Kirkpatrick went on to argue that the clearest statement of evangelism in Cuba had been by Sergio Arce, rector of the Evangelical Seminary in Matanzas, who was quoted as saying: “The first task of evangelism is to confront Christians who are not atheists of the head, but are atheists of the heart. Marx was an atheist of the head, but not of the heart.”
The September 9, 1977, issue of The United Methodist Reporter quoted Arce again as he elaborated on evangelism: “It is more important today to be a Marxist than a Christian.” Arce argued that Christianity and Marxism are interchangeable and he had no interest in converting Marxists to Christianity.
Jessup Report
While the Marxist critique of Wesleyan revival went over well in some quarters, there were many United Methodists that believed their tithes and offerings were supporting wrongheaded political radicalism, rather than biblical revival.
It was at this era that David Jessup, a United Methodist layman working for the AFL-CIO, was astonished when his children brought home appeals for wheat shipments to the Marxist government of Vietnam. His dogged research unearthed a 27-page paper identifying grants and involvements by United Methodist agencies to far-left organizations, fronts, and political groups with communist links and revolutionary intentions.
Jessup’s explosive report was published in the September/October 1980 issue of Good News. Instead of investigating the misappropriation of church funds to Marxist causes, church leaders questioned Jessup’s motives and spoke darkly of a “McCarthyite witch hunt.” The denominational condescending response included: “As change swirls around us, some persons cling to an understanding of history and the role of our nation that seems to be fading. Such persons are deeply troubled by the shifting of power they see in the world and are fearful….”
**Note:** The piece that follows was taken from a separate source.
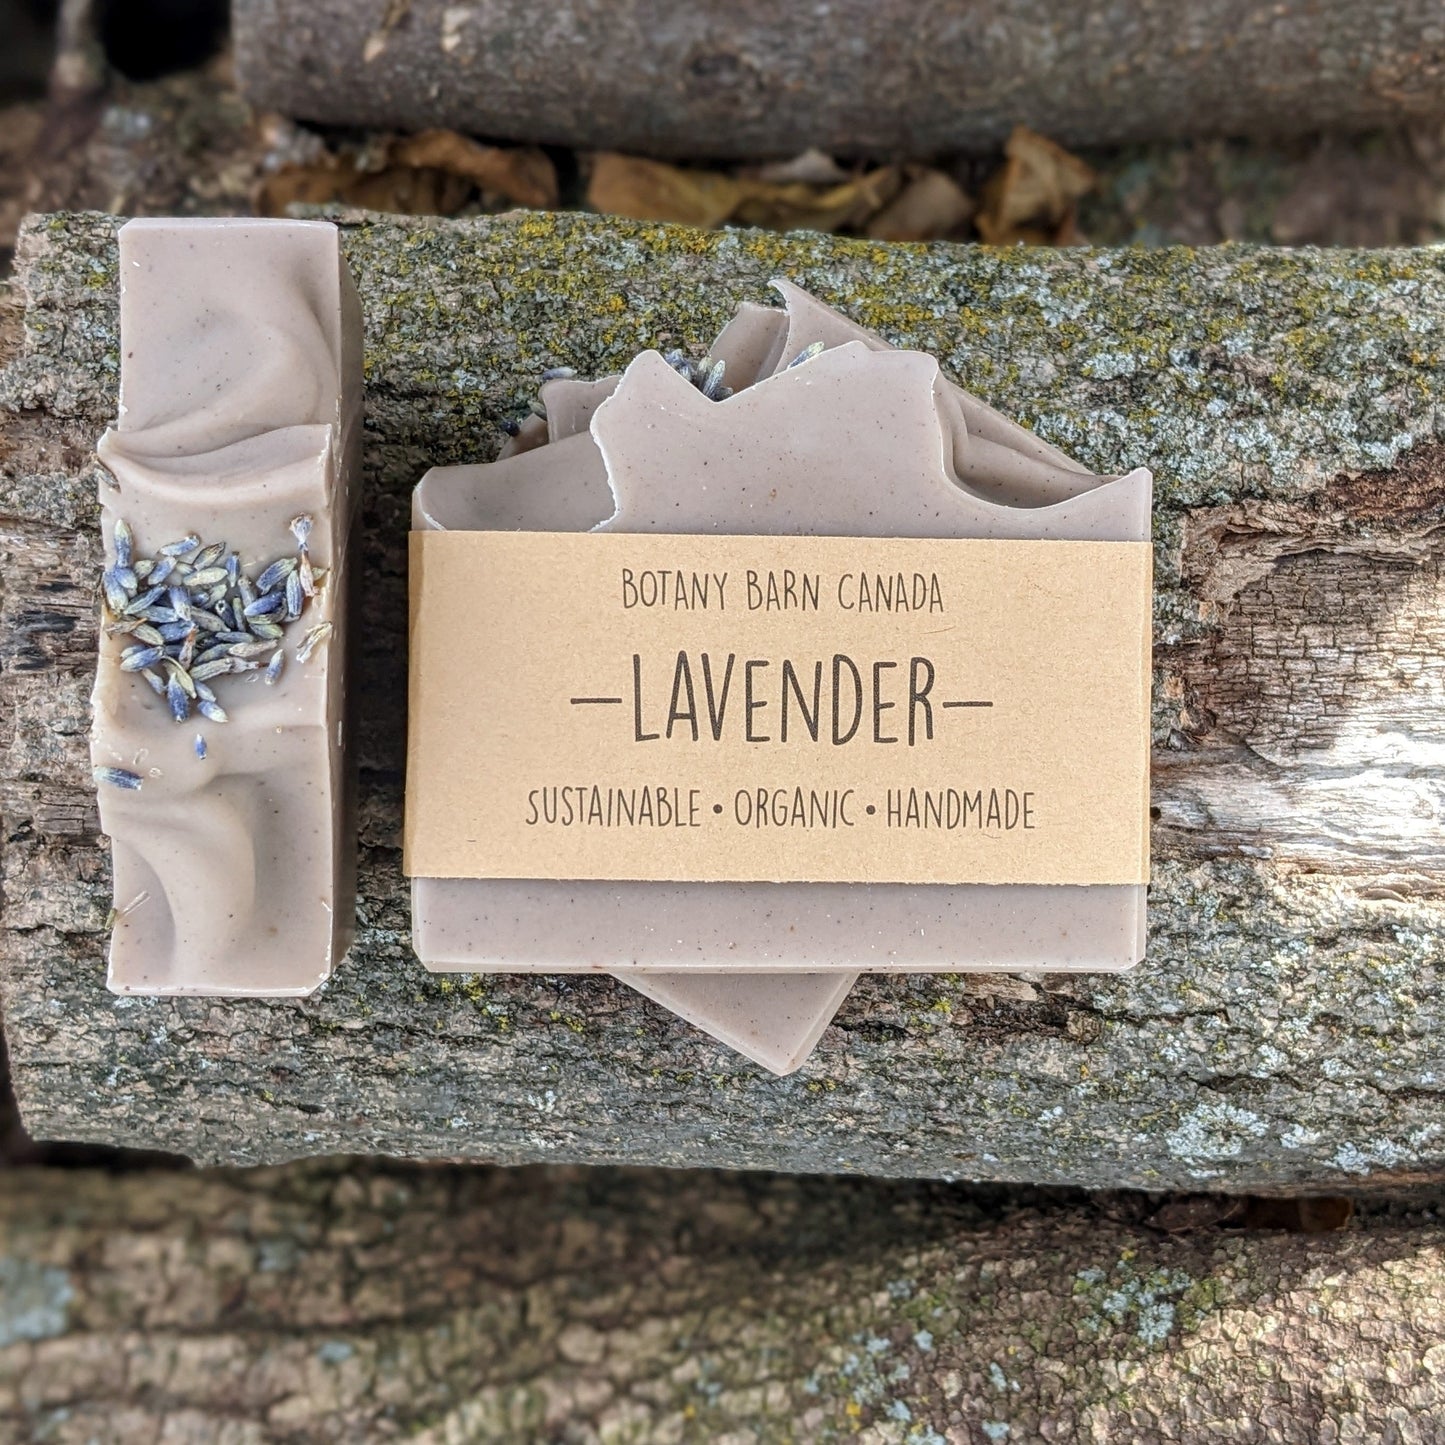 Lavender Lover Gift Box | Artisan Soap, Eco Friendly Lip Balm and Organic Lotion Bar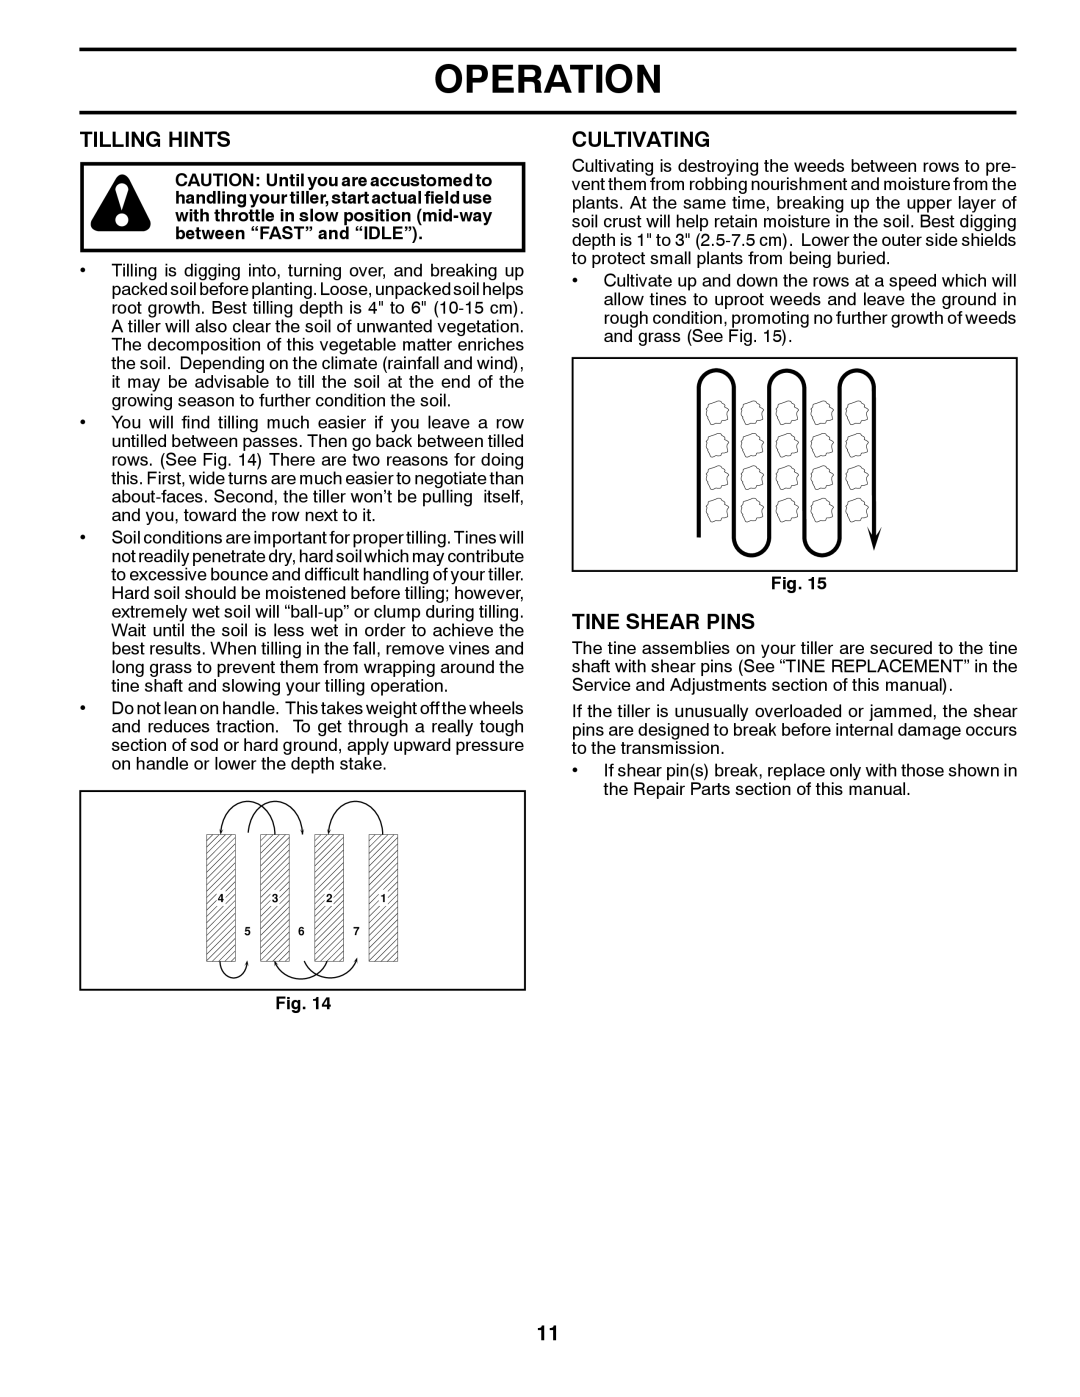 Husqvarna RTT900 owner manual Tilling Hints, Cultivating, Tine Shear Pins, Operation

The irony, of course, is that the Jessup family had been active in the Peace Corps in Peru, as well as involved in the civil rights and farm worker movements in California. Jessup’s research had further discovered a denomination with an off-kilter political barometer: church pronouncements in support of Ayatollah Khomeini and the “students” holding hostages in Iran; further discussion on the Cuba Resource Center, the Nicaraguan Literacy Program, and the North American Congress on Latin America (and their monthly newsletter devoted to Che Guevarra), groups that had been monitored closely by the State Department of a Democratic administration.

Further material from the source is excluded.